Watkins, Inc. (Watkins) brought this diversity action seeking a declaratory judgment that it did not breach its contract with Cecile (“Cec”), Lili, and Richard Willick, doing business as Chilkoot Distributing, Inc. (Appellants). Appellants raised various legal and equitable counterclaims. In the initial round of litigation, the district court 1 granted Watkins's motion for summary judgment, finding a later agreement had superseded the parties' initial contract, and dismissed all of Appellants' legal and equitable counterclaims. We reversed and remanded, concluding there was an issue of material fact regarding which of two possible contracts governed the dispute.
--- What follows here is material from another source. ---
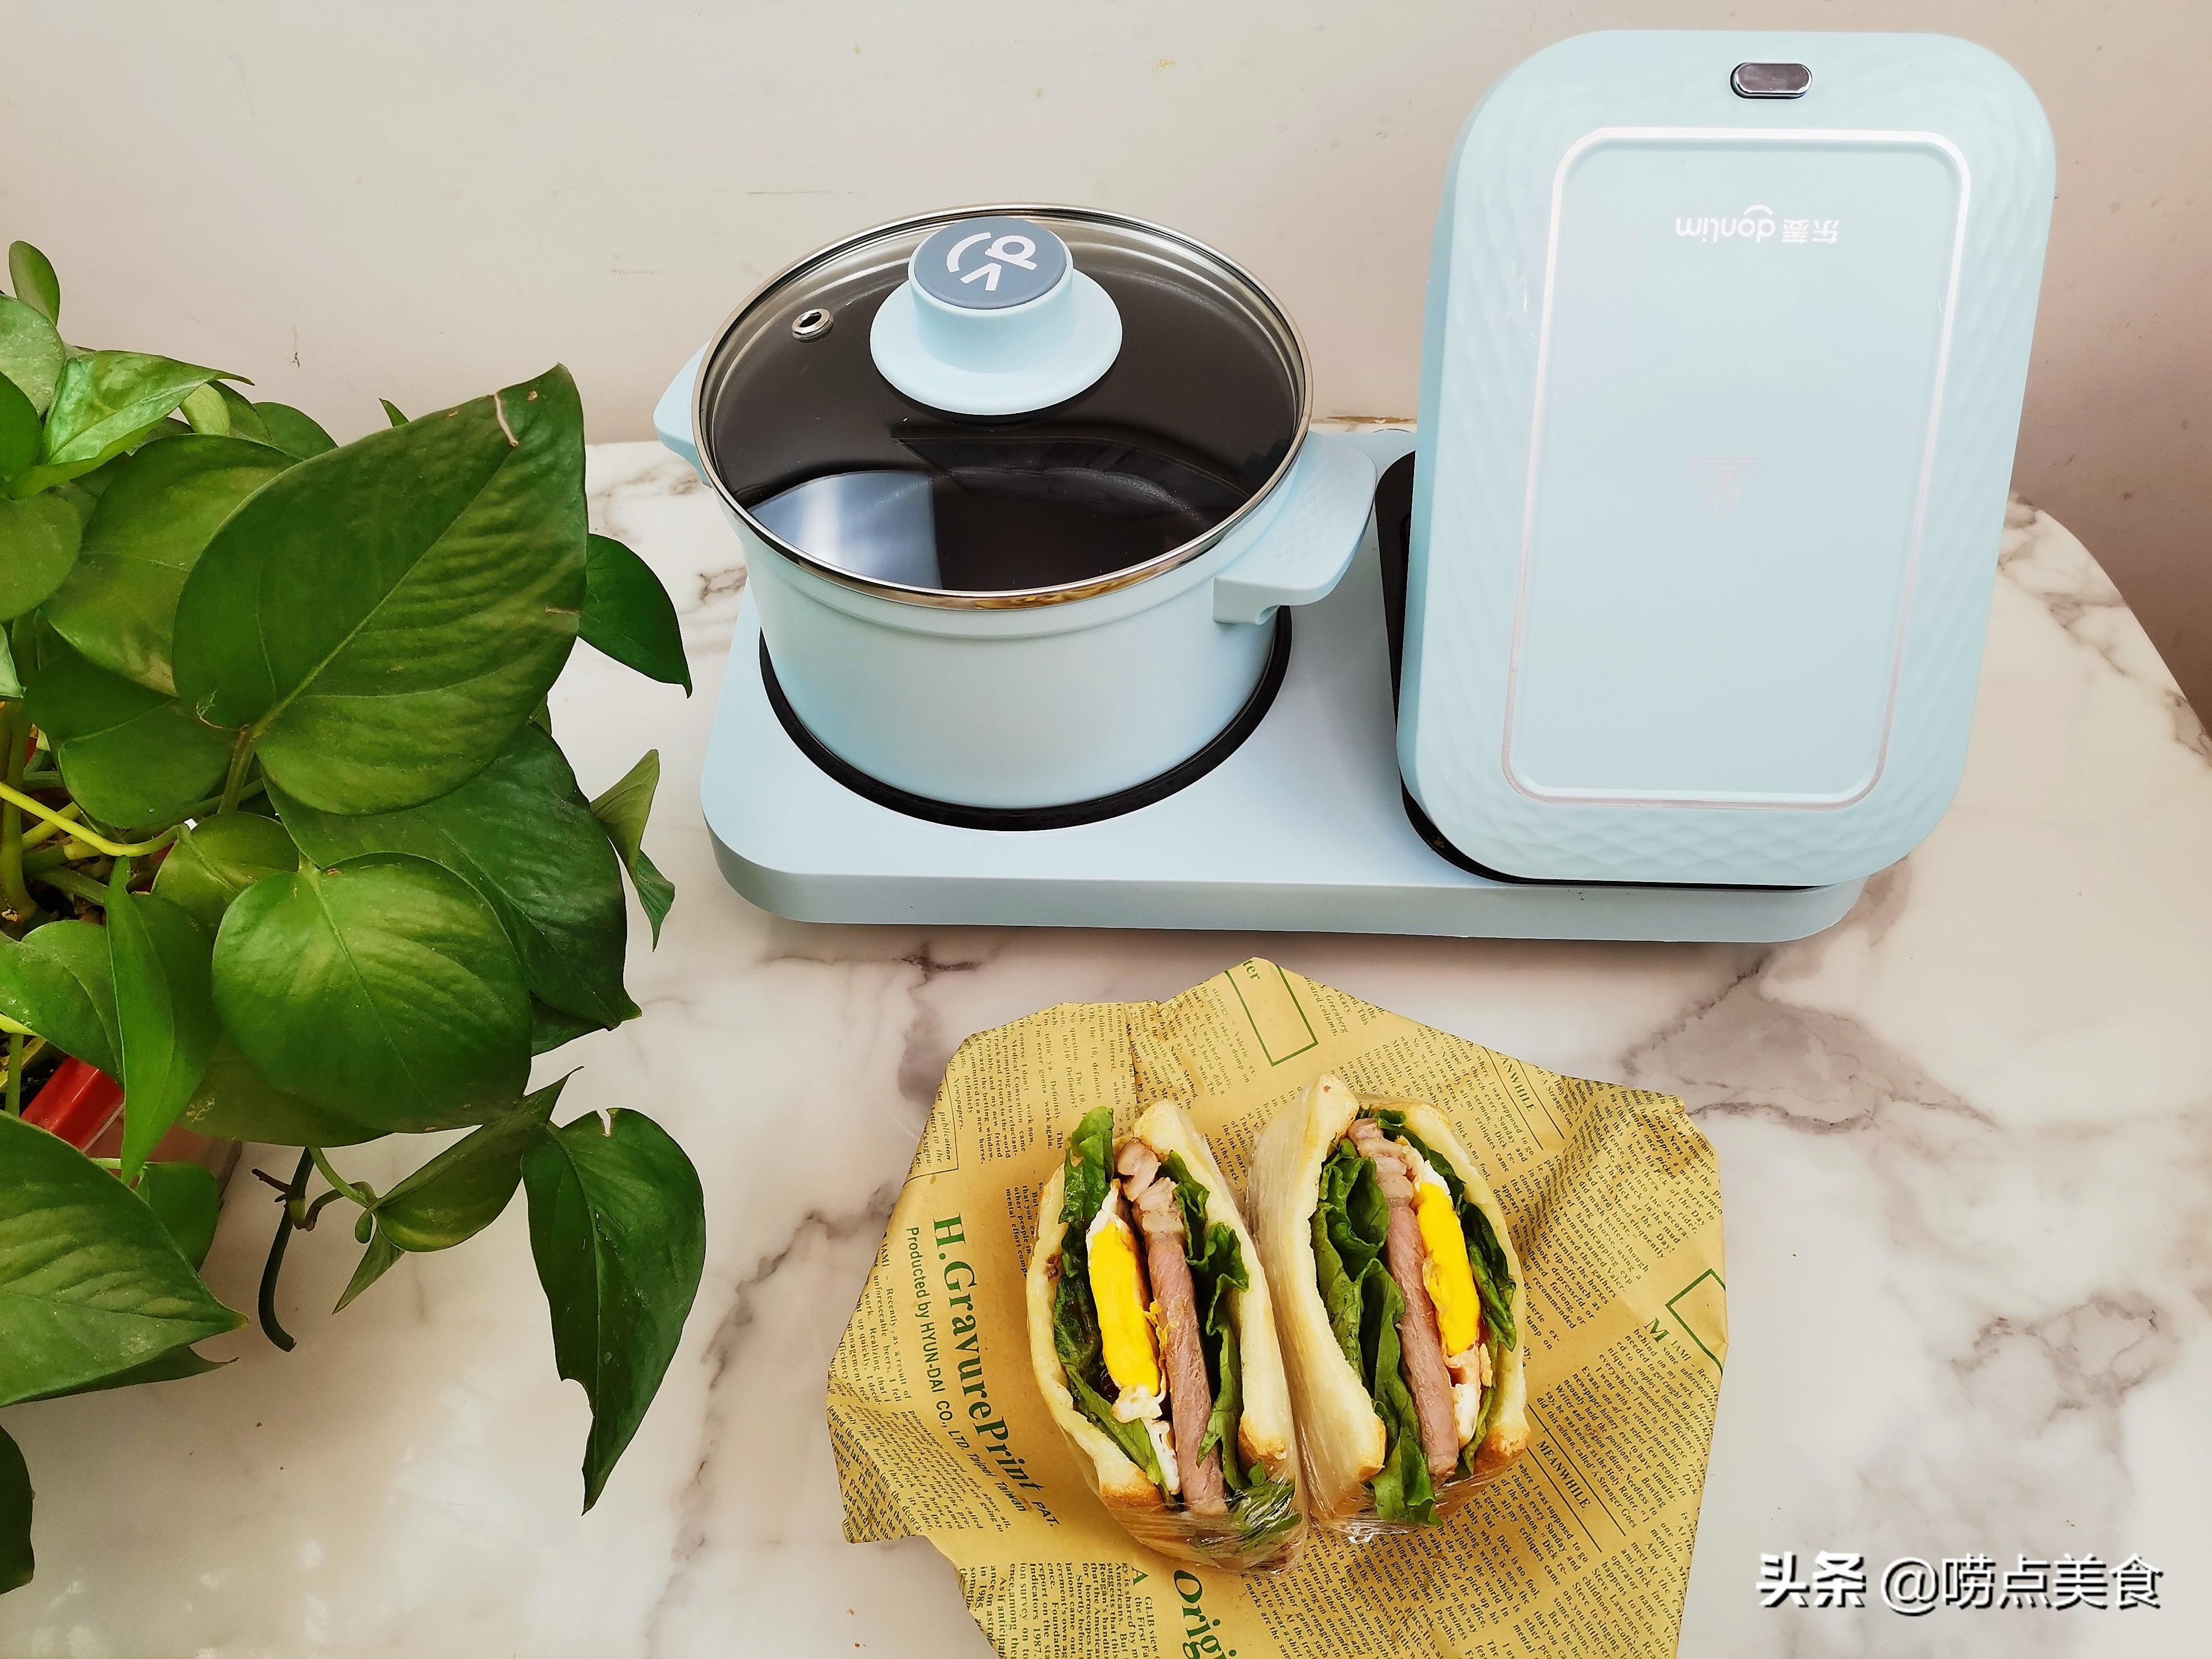 美式早餐牛肉三明治怎么做 各地小吃 第8张

On remand, Watkins renewed its motion for summary judgment, arguing there was no breach regardless of which contract applied. The district court agreed, reentered summary judgment for Watkins, and again dismissed Appellants' equitable counterclaims. We now affirm.

I.

Watkins is a manufacturer of various personal care, household, and organic products. Watkins utilizes a direct-sales business structure, and in 1988 Appellants signed a “Dealer Agreement” (“the 1988 Agreement”) with Watkins to become sales associates in Canada. In 2006, Appellants signed another agreement with Watkins, called an “International Associate Agreement” (“the 2006 Agreement”). A dispute remains regarding whether the parties intended for the 2006 Agreement to supersede the 1988 Agreement,2 but it is not relevant to the instant appeal.

Appellants were successful in their sales of Watkins products and also in recruiting new sales associates. These new recruits became part of Appellants' “downline,” an important source of revenue and product discounts for a Watkins sales associate.3 A particularly valuable member of Appellants' downline was an entity the parties refer to as the Lambert Group. 4 Beginningin the 1990's, the Lambert Group sold substantial volumes of Watkins insect repellent in Quebec.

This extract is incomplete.